We Need a Socialist Green New Deal
In reality, mitigating the climate crisis and genuinely addressing the needs of working people – which Biden purports this bill does – will take far more dramatic action.
We cannot throw money at big business and hope that they’ll “do better.” We need to take the 100 companies responsible for 71% of global emissions into democratic public ownership. We need a radical redistribution of wealth from the hands of billionaires to ordinary people. We need a public infrastructure plan paid for by the super rich and corporations.
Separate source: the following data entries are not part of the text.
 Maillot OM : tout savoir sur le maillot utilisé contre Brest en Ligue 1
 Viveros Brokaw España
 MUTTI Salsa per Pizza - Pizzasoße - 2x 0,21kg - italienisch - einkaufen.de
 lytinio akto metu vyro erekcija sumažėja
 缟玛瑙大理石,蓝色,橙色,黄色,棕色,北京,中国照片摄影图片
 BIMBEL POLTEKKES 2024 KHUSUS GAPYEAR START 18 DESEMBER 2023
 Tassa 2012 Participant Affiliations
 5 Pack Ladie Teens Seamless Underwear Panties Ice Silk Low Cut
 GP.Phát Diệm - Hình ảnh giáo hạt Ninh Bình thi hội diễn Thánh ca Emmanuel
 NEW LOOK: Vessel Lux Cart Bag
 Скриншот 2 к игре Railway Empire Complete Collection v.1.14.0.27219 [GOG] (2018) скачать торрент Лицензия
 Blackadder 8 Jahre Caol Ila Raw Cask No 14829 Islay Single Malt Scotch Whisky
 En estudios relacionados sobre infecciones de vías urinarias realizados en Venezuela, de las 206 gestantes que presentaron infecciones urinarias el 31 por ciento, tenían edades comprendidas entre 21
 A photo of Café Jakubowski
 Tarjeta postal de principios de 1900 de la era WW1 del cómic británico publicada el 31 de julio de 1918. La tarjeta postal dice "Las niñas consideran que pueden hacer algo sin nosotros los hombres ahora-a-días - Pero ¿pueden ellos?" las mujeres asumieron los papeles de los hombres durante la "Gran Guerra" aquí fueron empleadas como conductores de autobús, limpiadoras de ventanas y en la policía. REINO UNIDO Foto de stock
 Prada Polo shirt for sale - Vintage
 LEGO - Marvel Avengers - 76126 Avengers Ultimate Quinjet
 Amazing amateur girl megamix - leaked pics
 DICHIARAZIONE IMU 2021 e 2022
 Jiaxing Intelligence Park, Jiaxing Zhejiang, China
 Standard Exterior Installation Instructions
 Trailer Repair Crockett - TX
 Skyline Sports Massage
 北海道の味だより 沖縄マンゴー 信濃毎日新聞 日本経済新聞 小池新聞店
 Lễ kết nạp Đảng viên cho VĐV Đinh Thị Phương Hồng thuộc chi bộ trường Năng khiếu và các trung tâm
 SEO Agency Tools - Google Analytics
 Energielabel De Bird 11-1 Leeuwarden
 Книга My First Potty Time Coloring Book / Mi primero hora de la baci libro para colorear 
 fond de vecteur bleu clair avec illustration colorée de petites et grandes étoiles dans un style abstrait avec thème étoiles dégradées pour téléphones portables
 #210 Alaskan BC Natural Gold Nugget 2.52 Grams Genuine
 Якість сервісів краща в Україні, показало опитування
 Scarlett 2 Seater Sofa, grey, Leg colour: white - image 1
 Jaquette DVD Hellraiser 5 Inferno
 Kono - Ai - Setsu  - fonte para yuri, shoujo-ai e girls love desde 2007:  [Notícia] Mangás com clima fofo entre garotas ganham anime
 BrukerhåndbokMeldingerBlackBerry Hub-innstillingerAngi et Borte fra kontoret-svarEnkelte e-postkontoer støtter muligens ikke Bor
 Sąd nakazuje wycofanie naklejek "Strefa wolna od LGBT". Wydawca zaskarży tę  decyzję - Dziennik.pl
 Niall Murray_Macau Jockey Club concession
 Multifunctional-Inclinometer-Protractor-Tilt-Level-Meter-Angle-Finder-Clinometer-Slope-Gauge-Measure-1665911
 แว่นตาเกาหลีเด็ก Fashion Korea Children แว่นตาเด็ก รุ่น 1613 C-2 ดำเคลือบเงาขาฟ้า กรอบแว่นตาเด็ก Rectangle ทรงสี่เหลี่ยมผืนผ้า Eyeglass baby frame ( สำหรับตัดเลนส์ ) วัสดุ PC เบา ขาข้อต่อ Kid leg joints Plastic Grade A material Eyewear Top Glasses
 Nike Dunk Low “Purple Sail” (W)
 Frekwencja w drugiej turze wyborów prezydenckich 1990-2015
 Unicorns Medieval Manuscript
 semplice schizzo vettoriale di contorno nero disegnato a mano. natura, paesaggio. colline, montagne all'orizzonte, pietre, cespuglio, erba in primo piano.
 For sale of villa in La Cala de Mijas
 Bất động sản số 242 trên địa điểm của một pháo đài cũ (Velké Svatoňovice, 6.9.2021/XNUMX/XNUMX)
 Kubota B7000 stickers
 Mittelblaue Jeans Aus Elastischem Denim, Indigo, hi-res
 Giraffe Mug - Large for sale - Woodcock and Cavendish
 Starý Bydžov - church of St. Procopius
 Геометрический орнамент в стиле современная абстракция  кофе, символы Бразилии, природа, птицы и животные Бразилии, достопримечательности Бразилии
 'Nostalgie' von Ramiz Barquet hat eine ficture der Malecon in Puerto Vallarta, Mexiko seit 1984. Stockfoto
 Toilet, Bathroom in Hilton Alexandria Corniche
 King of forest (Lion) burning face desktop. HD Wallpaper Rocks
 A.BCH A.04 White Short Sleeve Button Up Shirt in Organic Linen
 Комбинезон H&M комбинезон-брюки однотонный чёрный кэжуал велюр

Just days after AOC first took office she, alongside the Sunrise Movement, made headlines by occupying Nancy Pelosi’s office demanding a Green New Deal. Now that the Democrats control the White House and both branches of Congress, and AOC and “the Squad” hold the balance of power in the House, they should use similar tactics to fight for a far more robust plan to tackle the climate crisis. The student climate strikes of the past several years give us a window into the explosive energy among young people to fight climate change. AOC and her collaborators in the halls of power should use their platform to organize a mass movement for a Green New Deal, Medicare for All and a $15 federal minimum wage connected to a strategy inside Congress of refusing to support Biden’s half-measures. Given all of Biden’s big promises, and the scale of the crisis faced by American capitalism, we could win sweeping reforms. The question remains: who is courageous enough to lead that fight?